• [TASK DIRECTIONS]: The pictures must be left out, while the rest of the data is copied exactly.

• [DATA EXCERPT]:
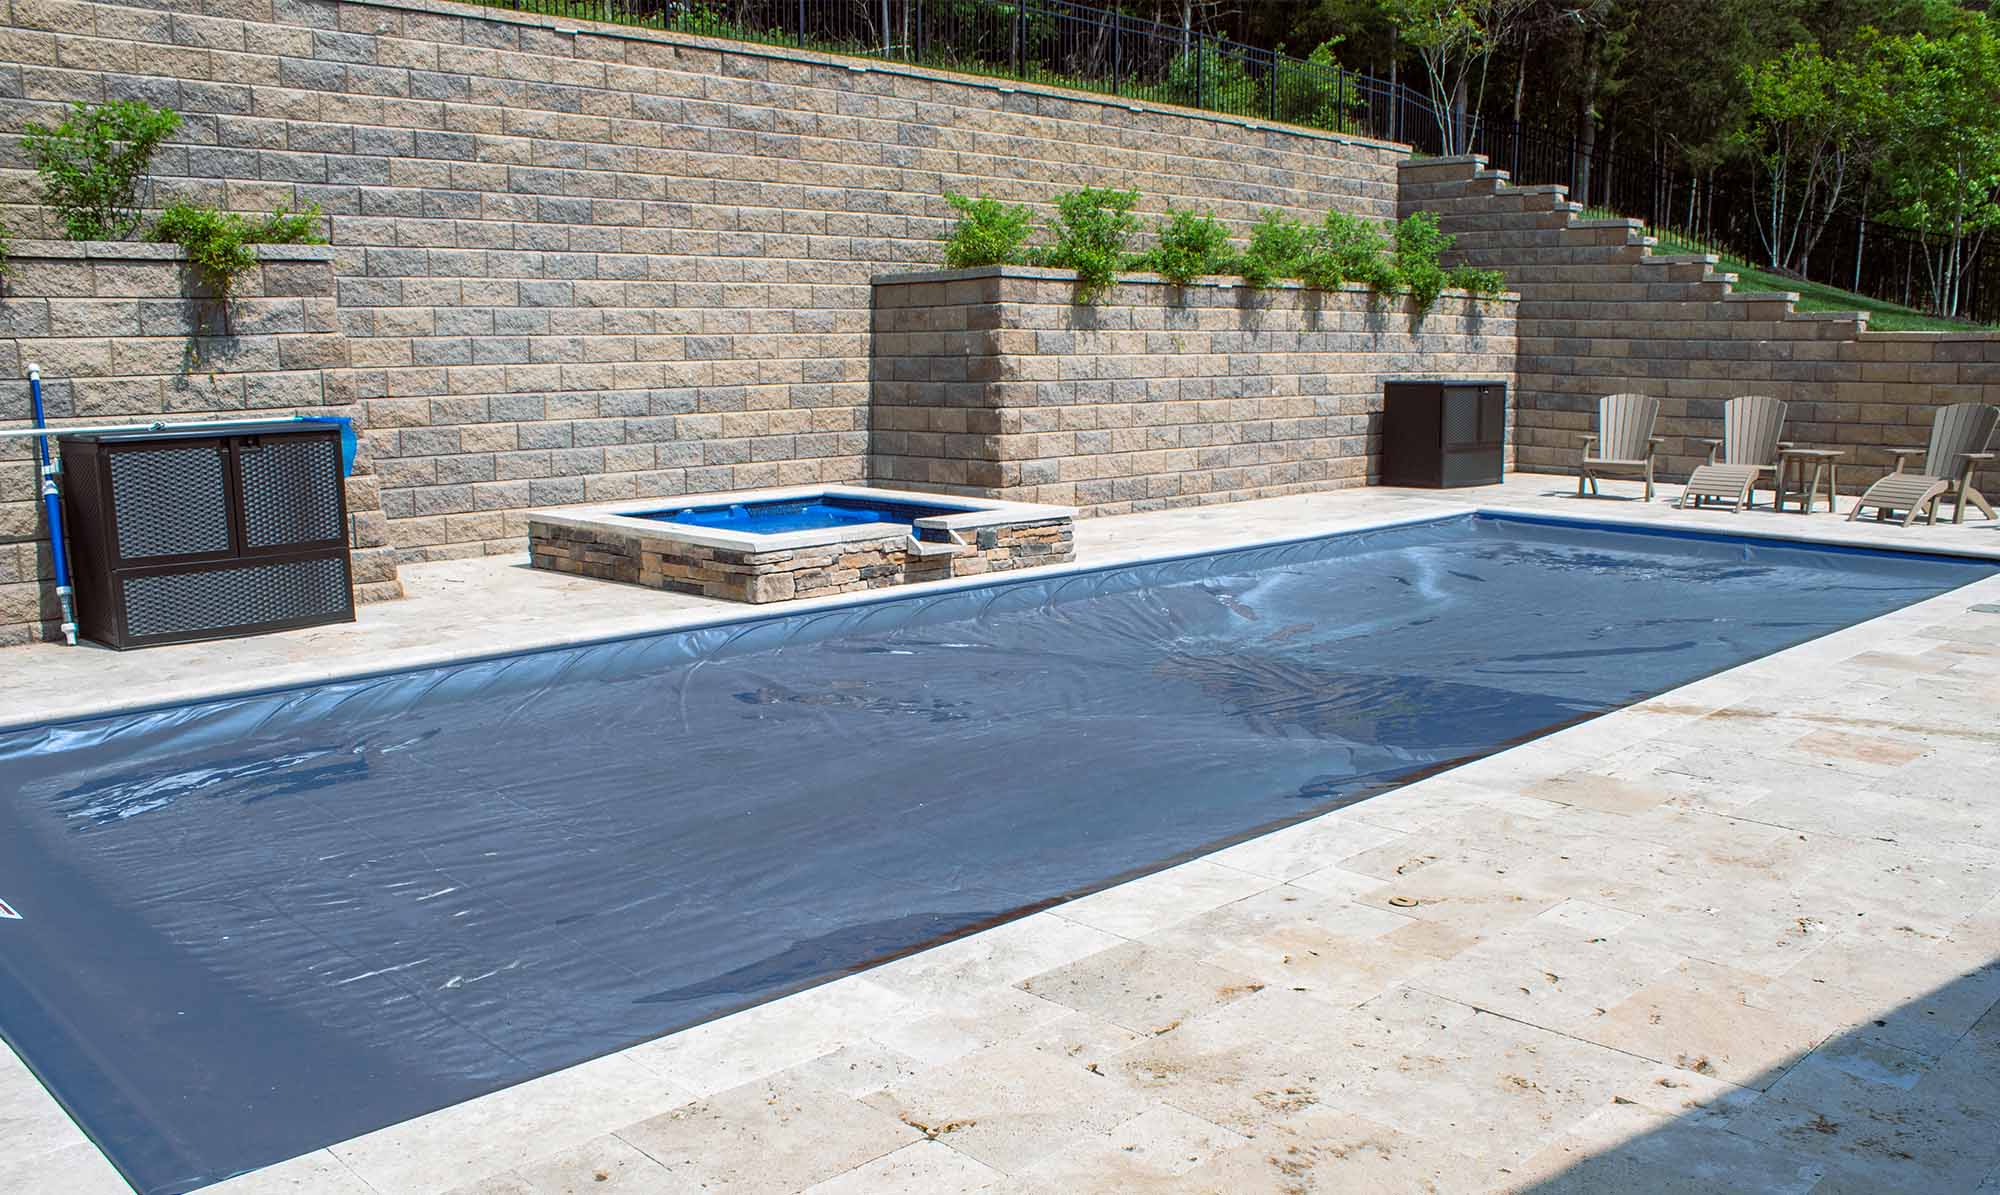 Automatic Swimming Pool Safety Covers can help protect your pool year round.
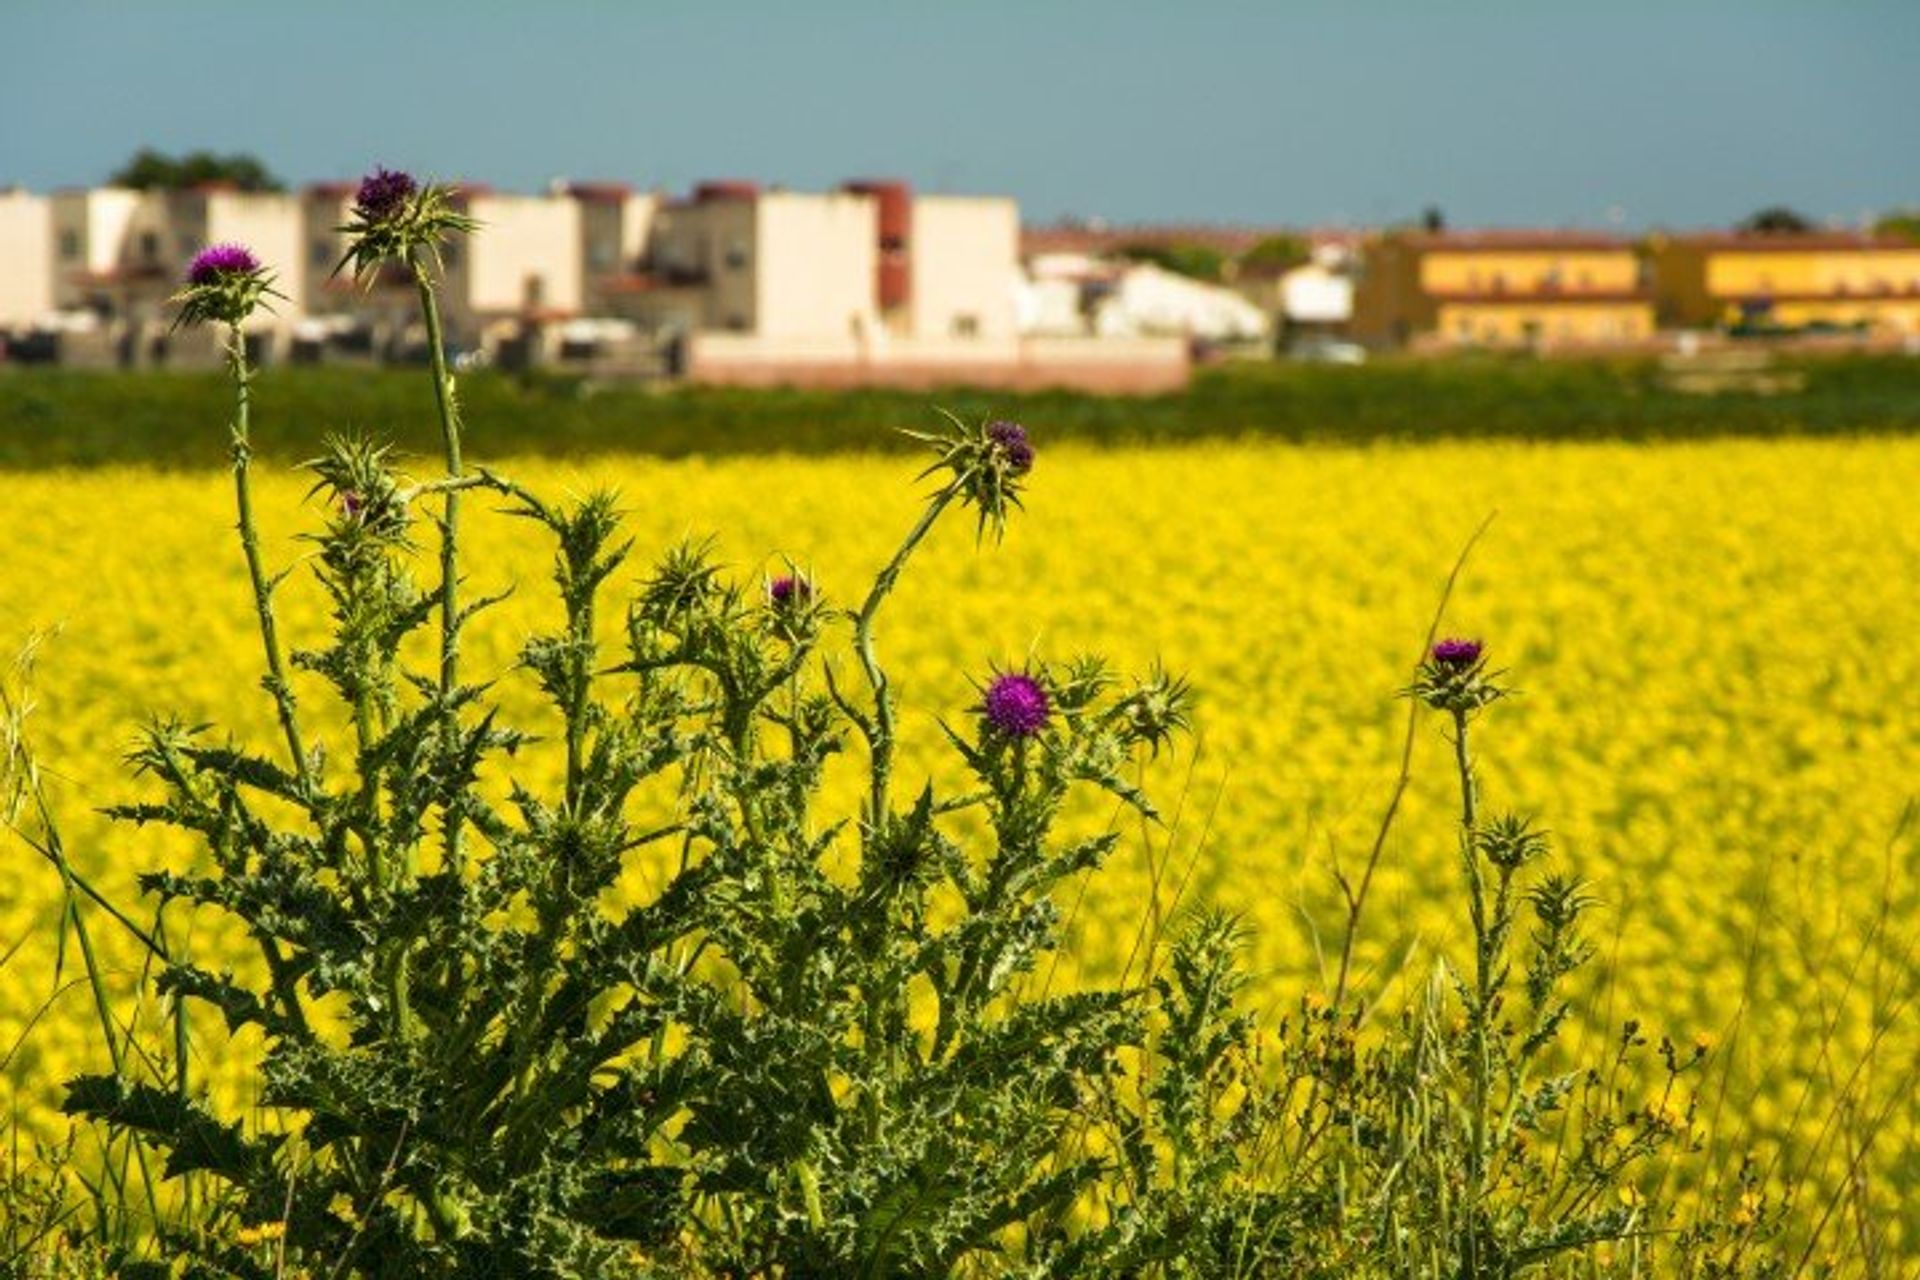 The colourful fields of rapeseed that adorn the region
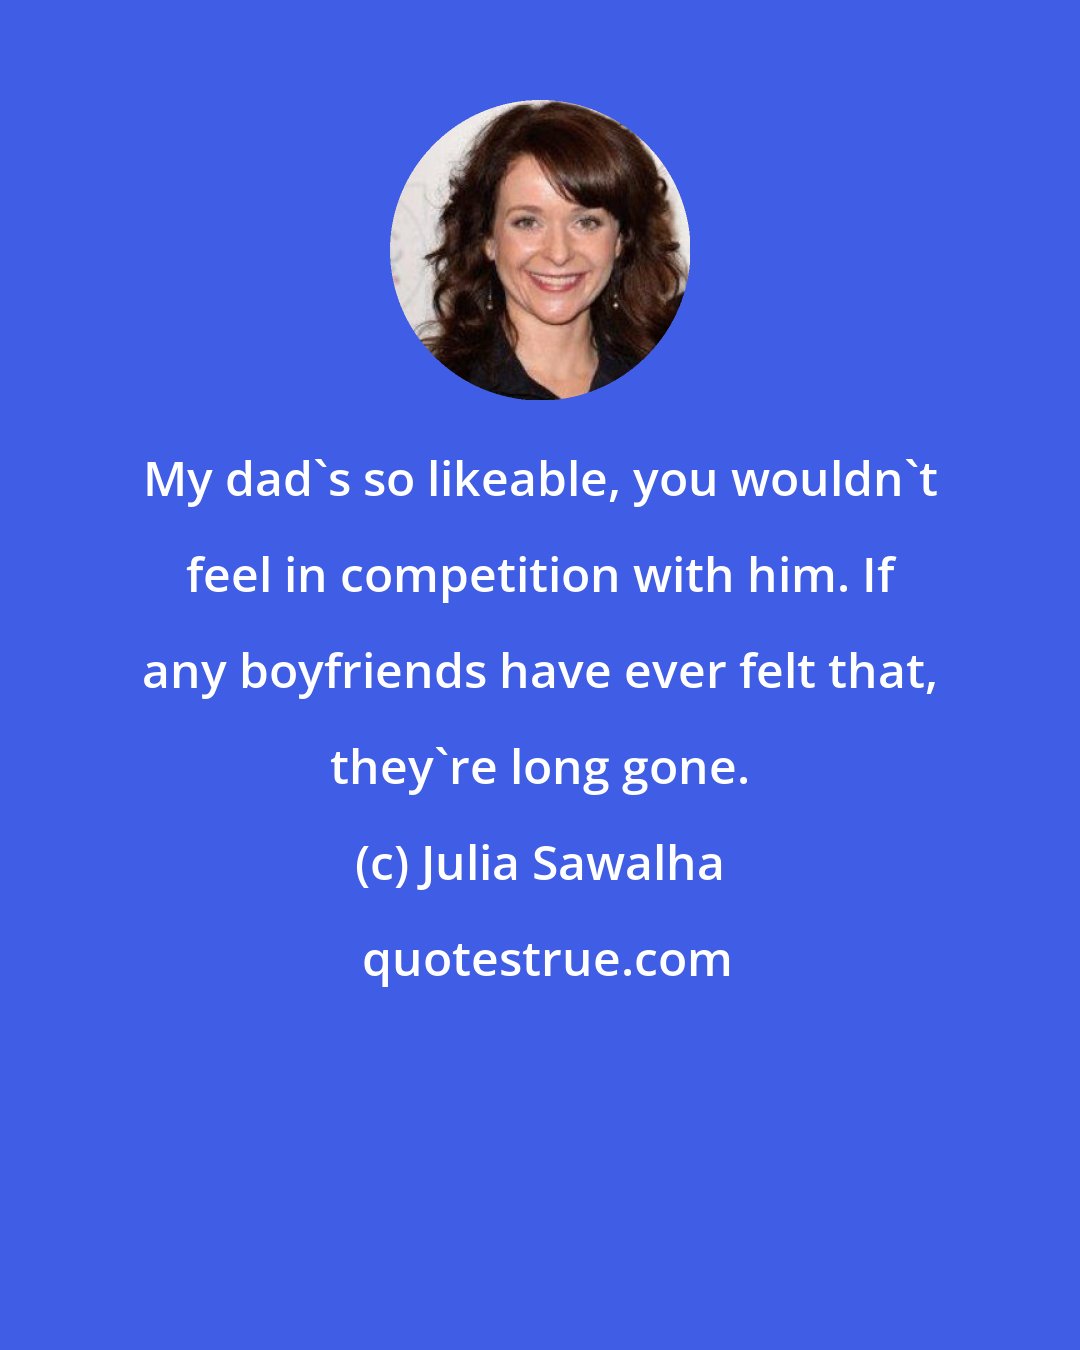 Julia Sawalha: My dad's so likeable, you wouldn't feel in competition with him. If any boyfriends have ever felt that, they're long gone.

• [REPLY TO THE TASK]:
 Automatic Swimming Pool Safety Covers can help protect your pool year round.
 The colourful fields of rapeseed that adorn the region
 Julia Sawalha: My dad's so likeable, you wouldn't feel in competition with him. If any boyfriends have ever felt that, they're long gone.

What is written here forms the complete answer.